Two major corporate developments are contributing to investor unease. In December, shareholders approved a measure to double the company's authorized share count from 332 million to 662 million. While this provides financial flexibility for potential future capital raises, it also carries the risk of diluting the value of existing shares. A more significant concern is the announced complete divestment by Fluor Corporation, NuScale Power's largest single shareholder. Fluor intends to fully exit its position by the end of the second quarter of 2026. The departure of such a prominent anchor investor inevitably raises questions about the firm's long-term prospects.

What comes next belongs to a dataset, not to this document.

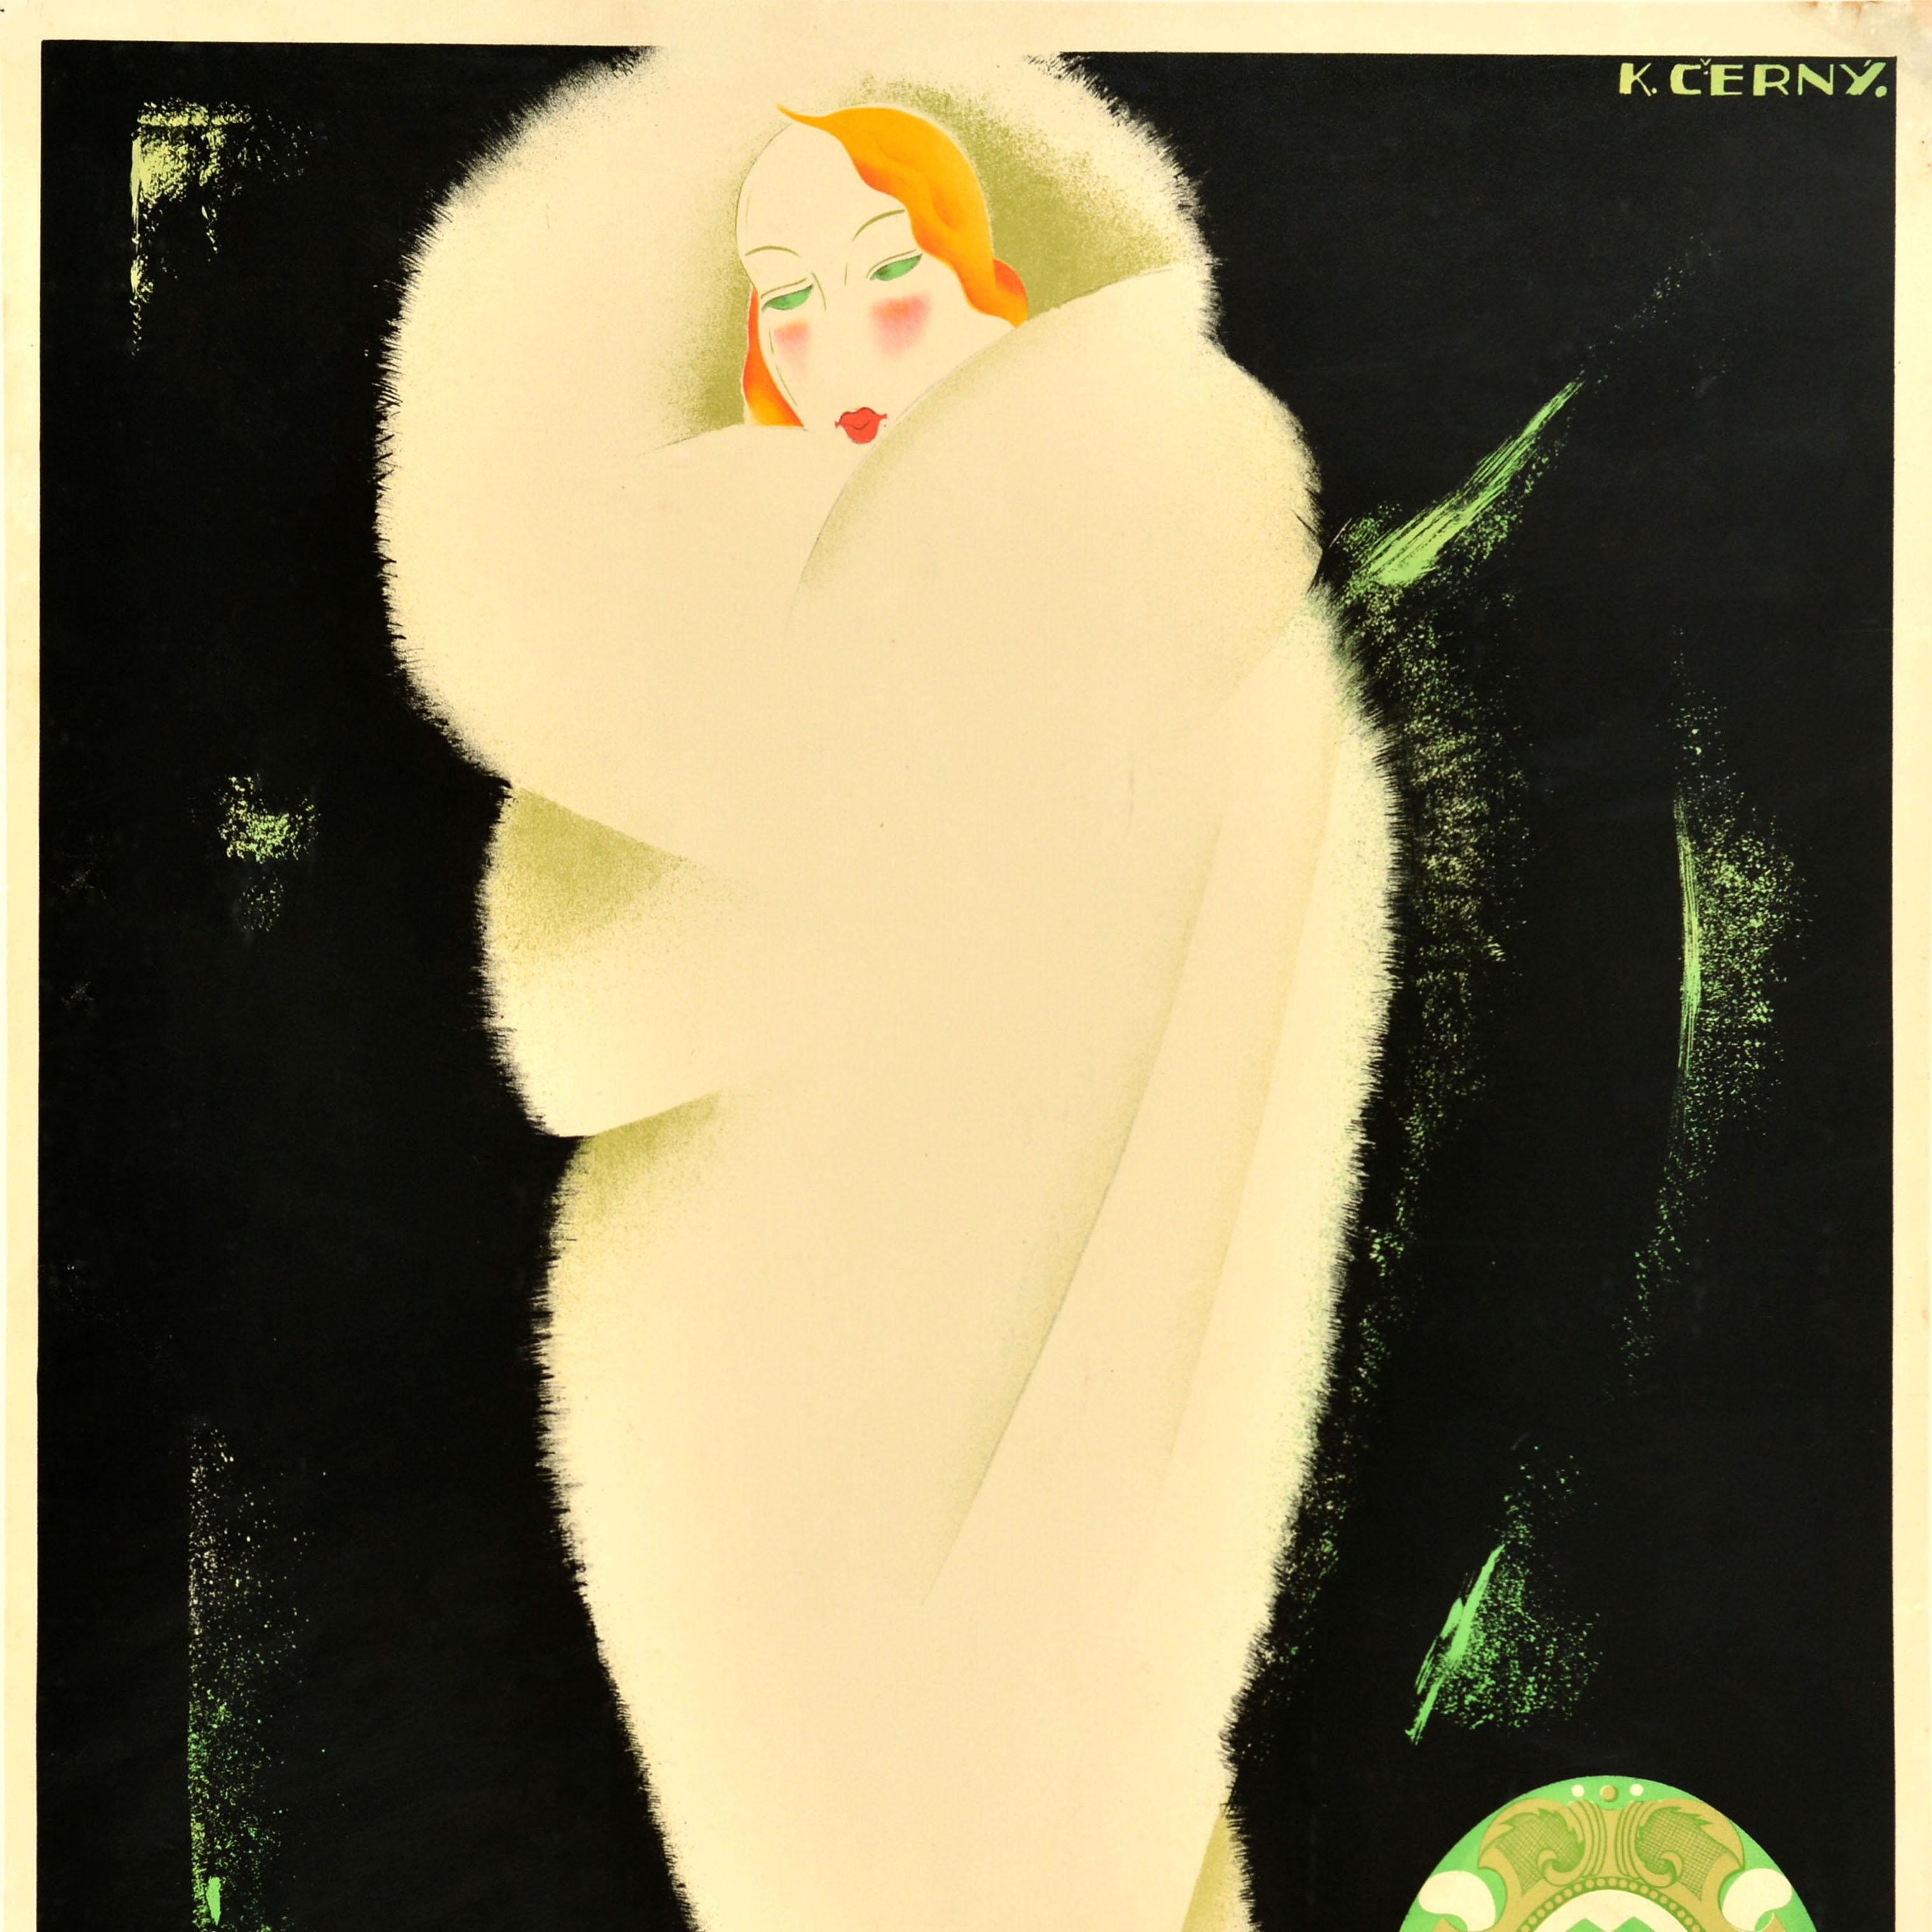 Original Vintage Spanish Advertising Poster Tapbioles Y Pirretas Fur Clothing - Art Deco Print by Unknown

A Powerful but Flawed Rebound
Equity markets have shown renewed enthusiasm for the nuclear energy sector, a trend from which NuScale has benefited. Its shares surged more than 40% in the initial weeks of the new year. This impressive gain comes on the heels of a steep 61% decline experienced during the fourth quarter of 2025. The broader revival of interest in atomic power, partly driven by major tech companies seeking energy for AI data centers, provided a tailwind. A ratings change from Bank of America Securities on January 9 also played a role, as the firm upgraded NuScale from "Underperform" to "Neutral." Notably, this upgrade was accompanied by a reduction in the price target, which was lowered from $34 to $28, signaling continued caution.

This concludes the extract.